As shown in the paper, the foregoing transformation is a powerful new tool with great potential for improving the state-of-art regarding formula lower bounds, as demonstrated in the following toy example. Recall that this transformation (essentially) amplifies a lower bound of $s$ on the size of formulae that approximate a Boolean function with advantage $\epsilon>2^{-s}$ to a lower bound of ${\Omega}(\log(1/\epsilon))\cdot s$ on the size of formulae that compute the function. Starting with an almost trivial lower bound of $n-1$ on the size of any formula that approximates the parity of $n$ values with any positive advantage, one obtains the classical lower bound of ${\Omega}(n^2)$ on the size of any formula computing the parity.

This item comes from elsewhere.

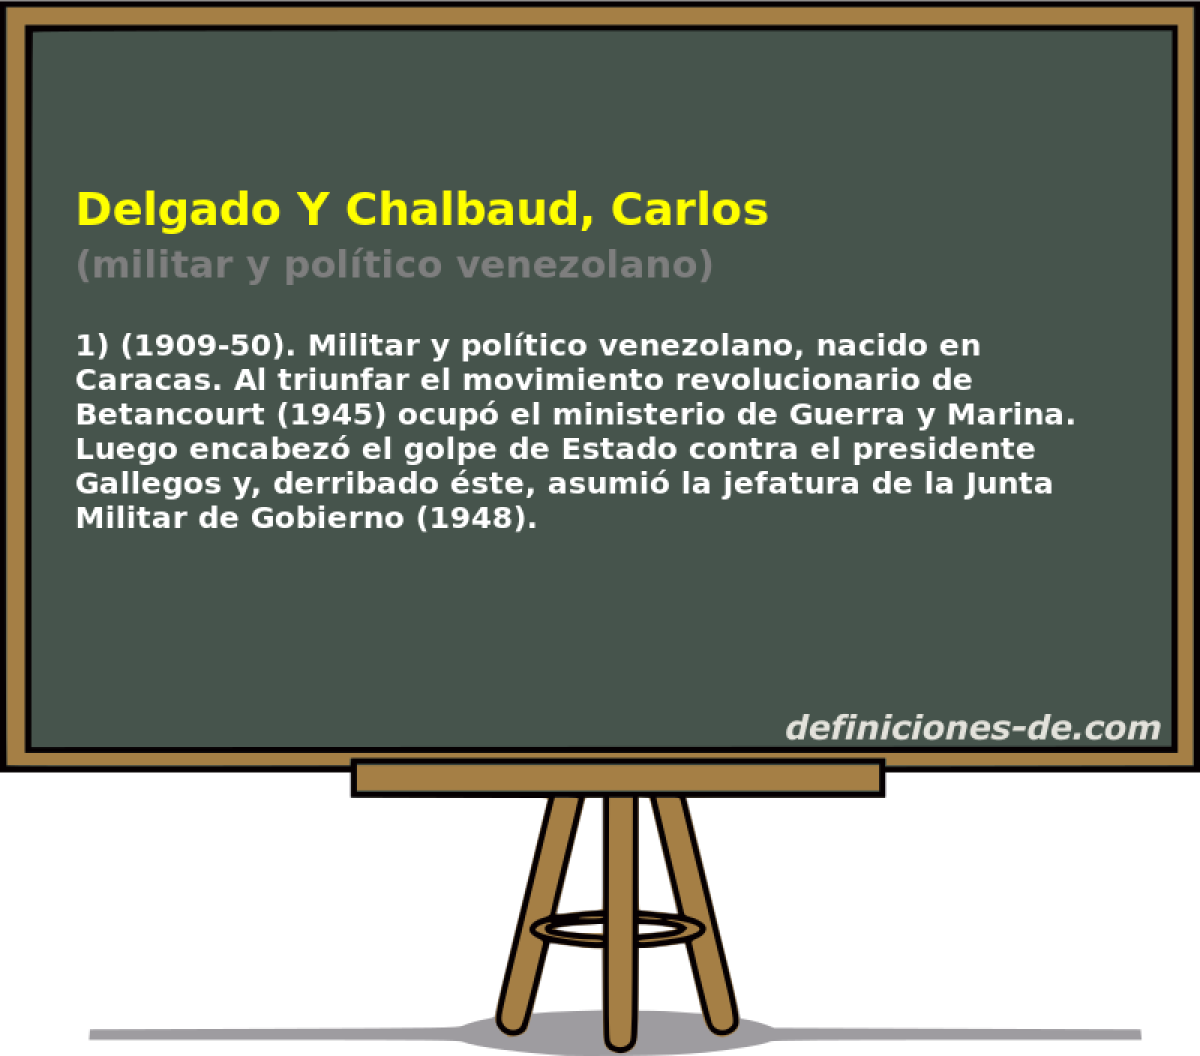 Delgado Y Chalbaud, Carlos (militar y poltico venezolano)

Comment (25/12/2016): Some researchers have told me that they believe that my claim of unprecedented nature is overstated in light of prior works by Hajnal, Maass, Pudlak, Szegedy, and Turan ("Threshold circuits of bounded depth", JCSS, April 1993) and by Buresh-Oppenheim and Santhanam (Making Hard Problems Harder, ECCC 2006). In particular, it was pointed out that Avishay writes "The reduction is in the spirit of the discriminator lemma of Hajnal et al. [HMP+93] that shows that average-case lower bounds for thresholds circuits of depth d implies worst-case lower bounds for thresholds circuits of depth d+1." (end of Sec 1.0). I believe that Avishay's text overstates the relation, since [HMP+93] treat circuits that are composed in a way that supports that lemma; that is, they consider a depth $d+1$ threshold circuit and the average-case behavior of subcircuits that feed the output (threshold) gate. As for the work of [BS06], firstly it transforms a function on which the average-case lower bound is given to a more complex one for which the worst-case bound is shown, whereas Avishay maintains the same function. More importantly, their proof does not increase the absolute size for which lower bounds are proved but rather slightly decreases it (as usual), however their proof also reduces the input length and so the size increases as a function of the input length if the initial lower bound is large enough. In other words, their proof by contradiction yields a slightly larger circuit, not a smaller one as in Avishay's work (and in [HMP+93]).

The original abstract

A de Morgan formula over Boolean variables $x_1, \ldots, x_n$ is a binary tree whose internal nodes are marked with AND or OR gates and whose leaves are marked with variables or their negation. We define the size of the formula as the number of leaves in it. Proving that some explicit function (in P or NP) requires large formula is a central open question in computational complexity. While we believe that some explicit functions require exponential formula size, currently the best lower bound for an explicit function is the $\tilde\Omega(n^3)$ lower bound for Andreev's function.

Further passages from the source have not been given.